*Exercise description*
When the data below is printed, every line must match exactly and the images must be absent.

*** Opening Source data ***

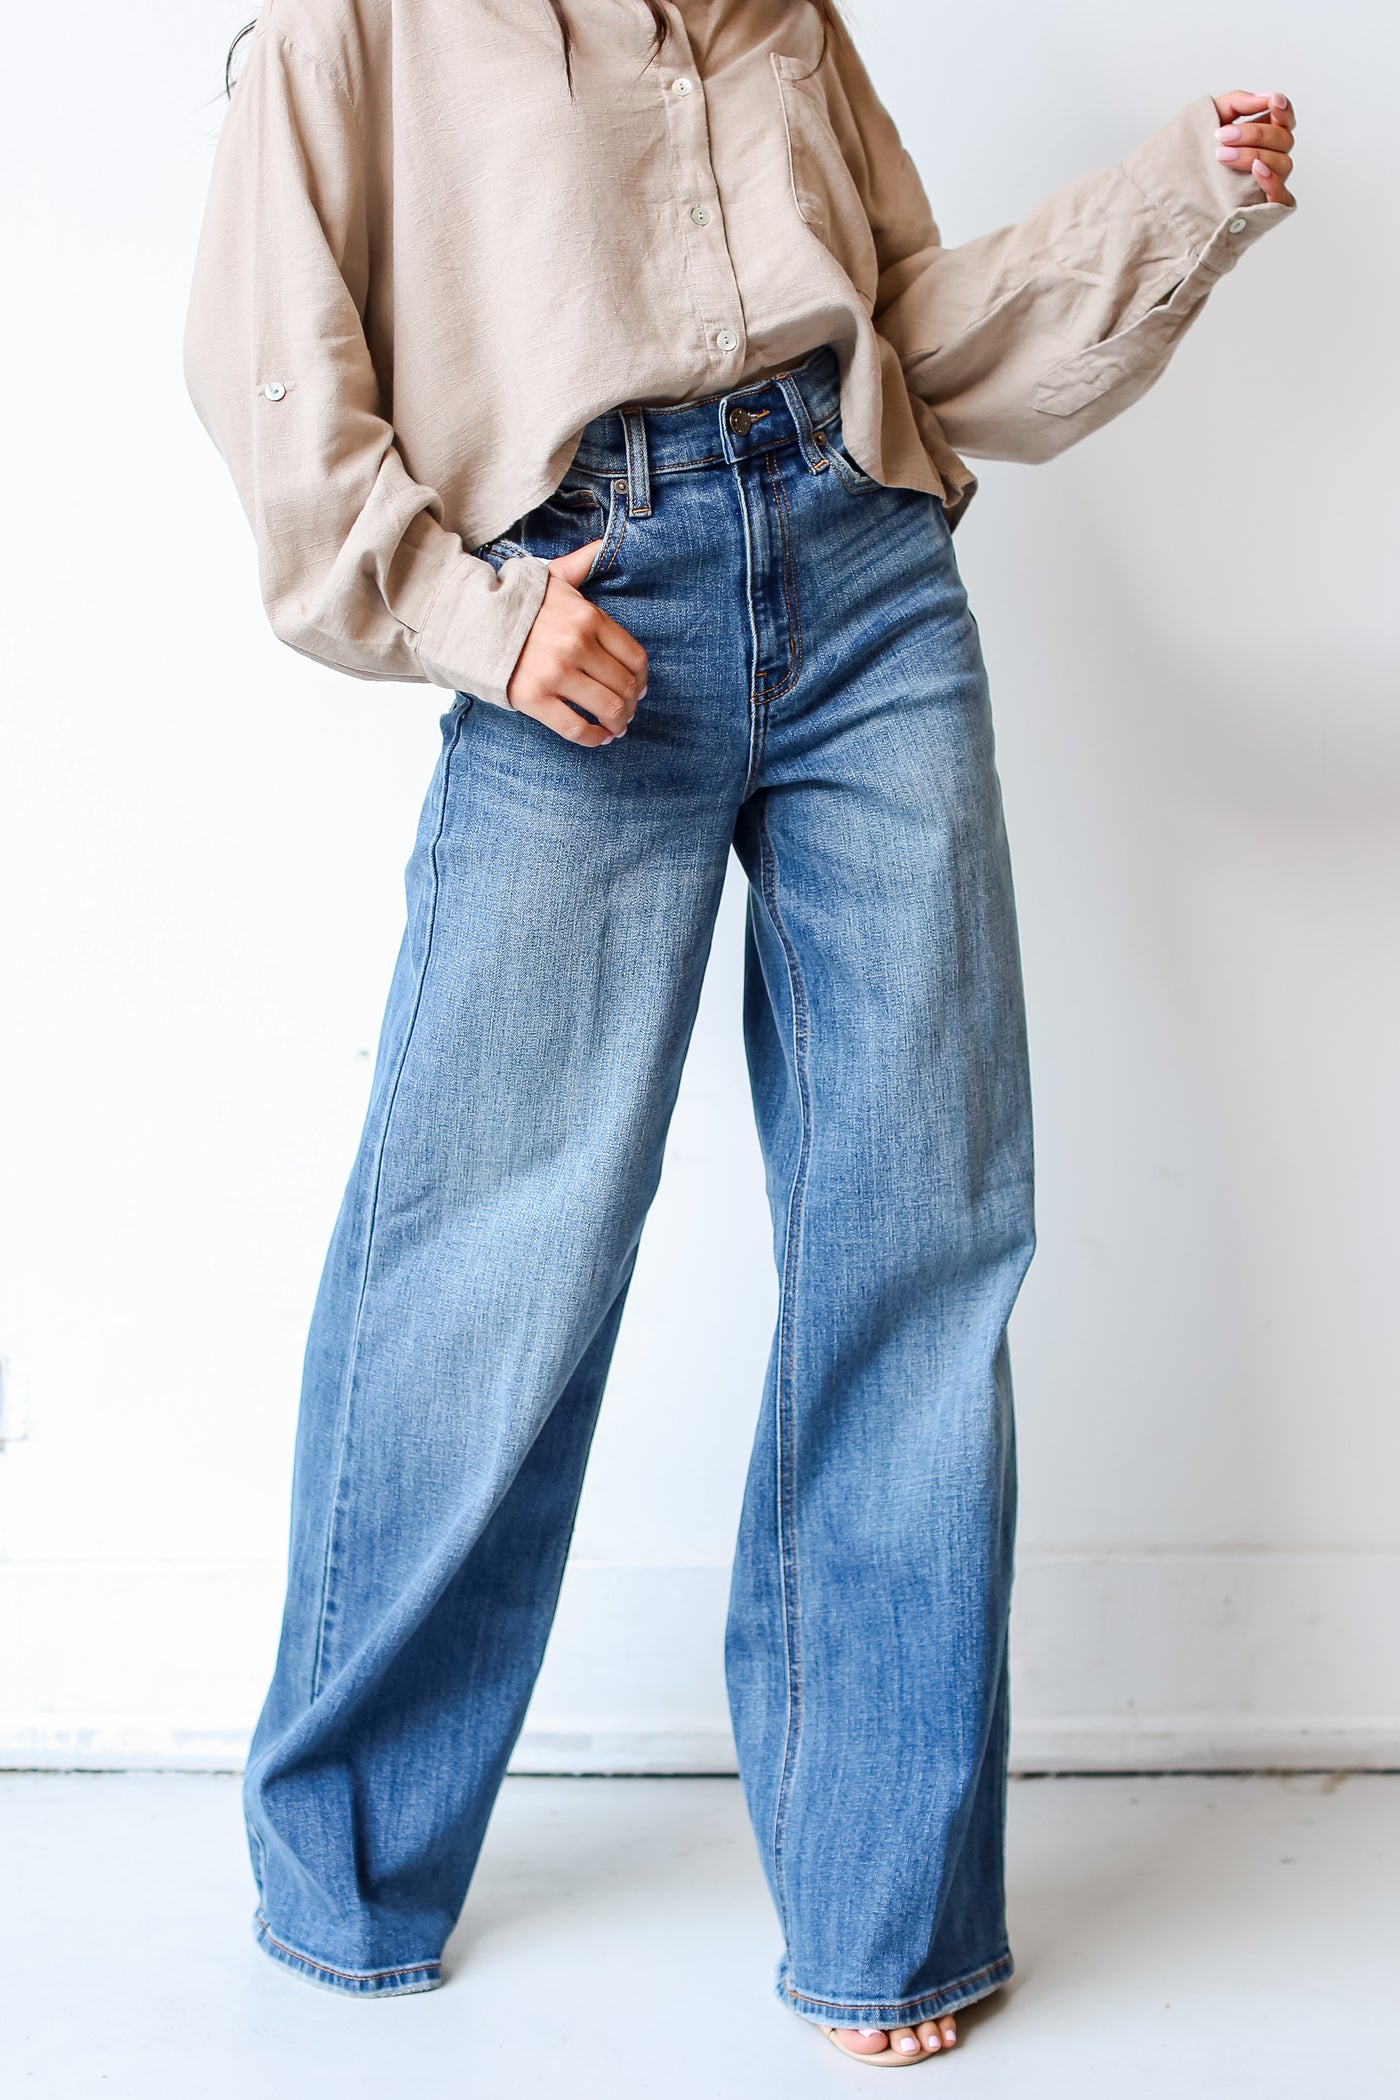 Dress ShopDressUp Medium – Wash Jeans Trendy | Wide Up Leg
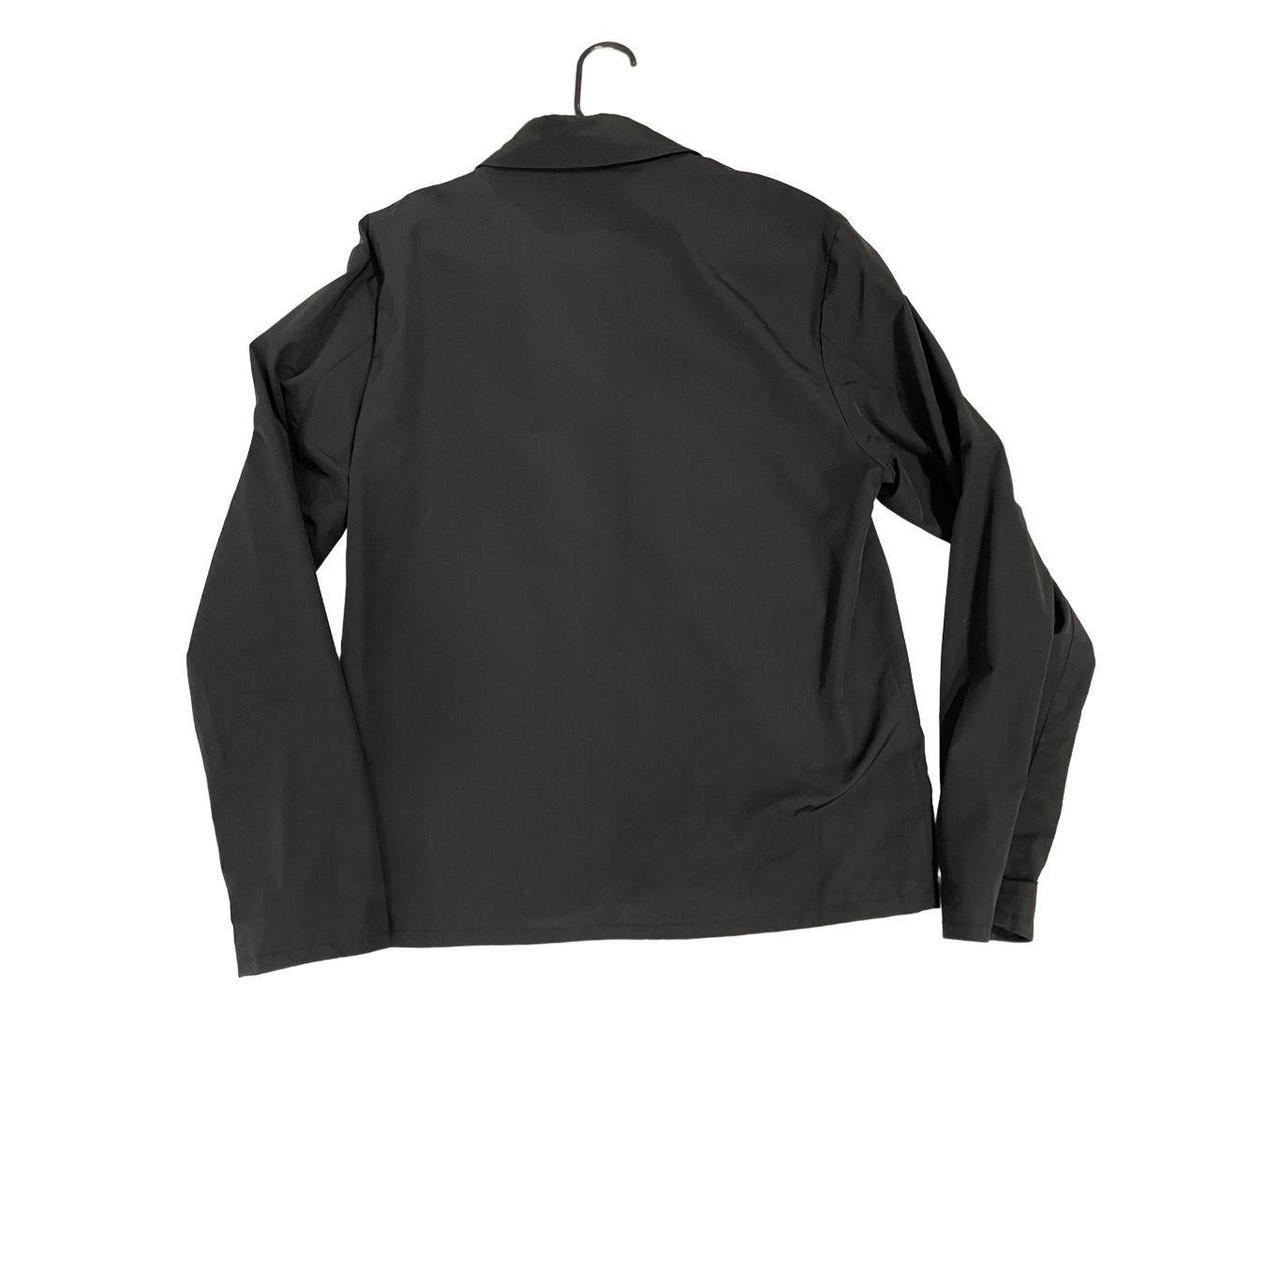 Light weight Calvin Kline jacket. Perfect for the... - Depop
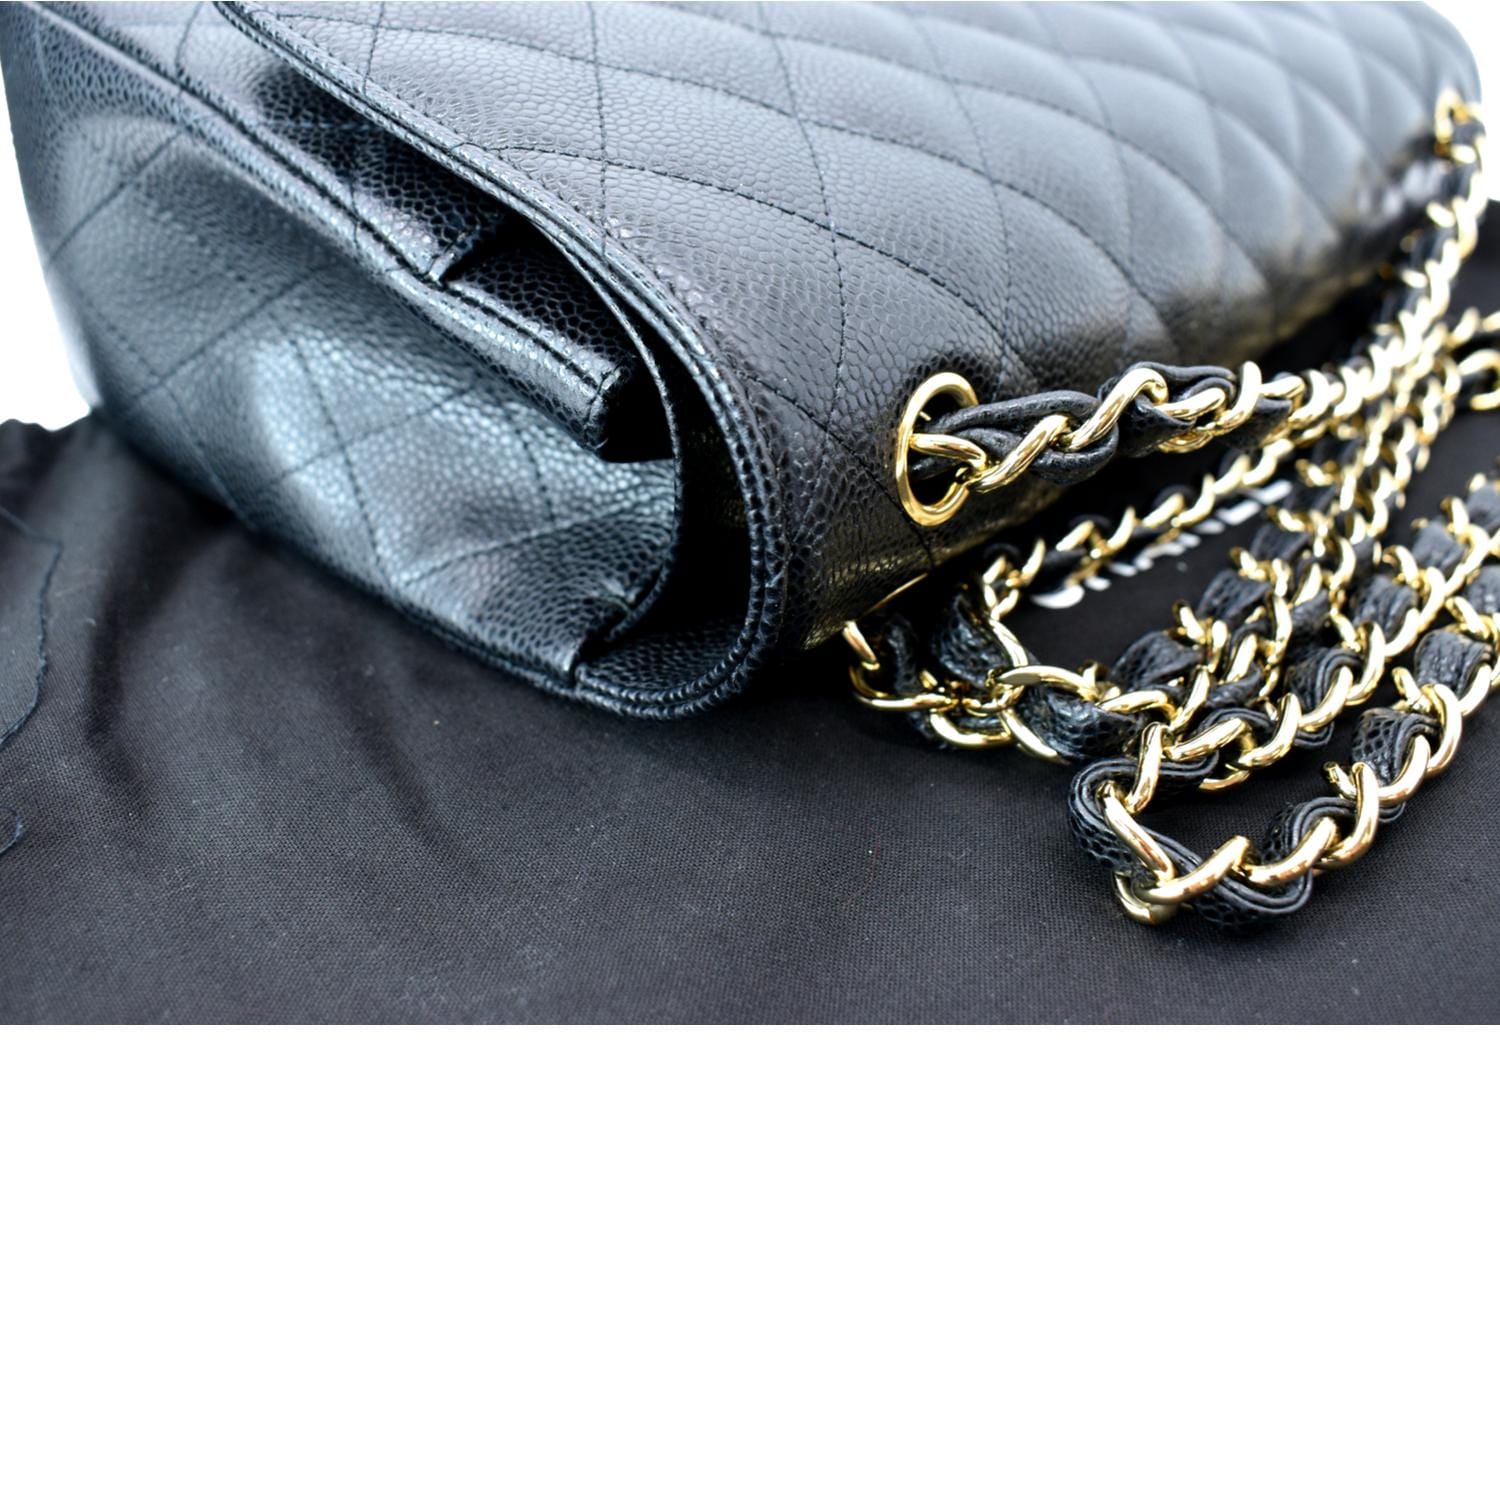 CHANEL Classic Jumbo Double Flap Caviar Leather Shoulder Bag Black

*** Closing Source data ***

*Completed task*
 Dress ShopDressUp Medium – Wash Jeans Trendy | Wide Up Leg
 Light weight Calvin Kline jacket. Perfect for the... - Depop
 CHANEL Classic Jumbo Double Flap Caviar Leather Shoulder Bag Black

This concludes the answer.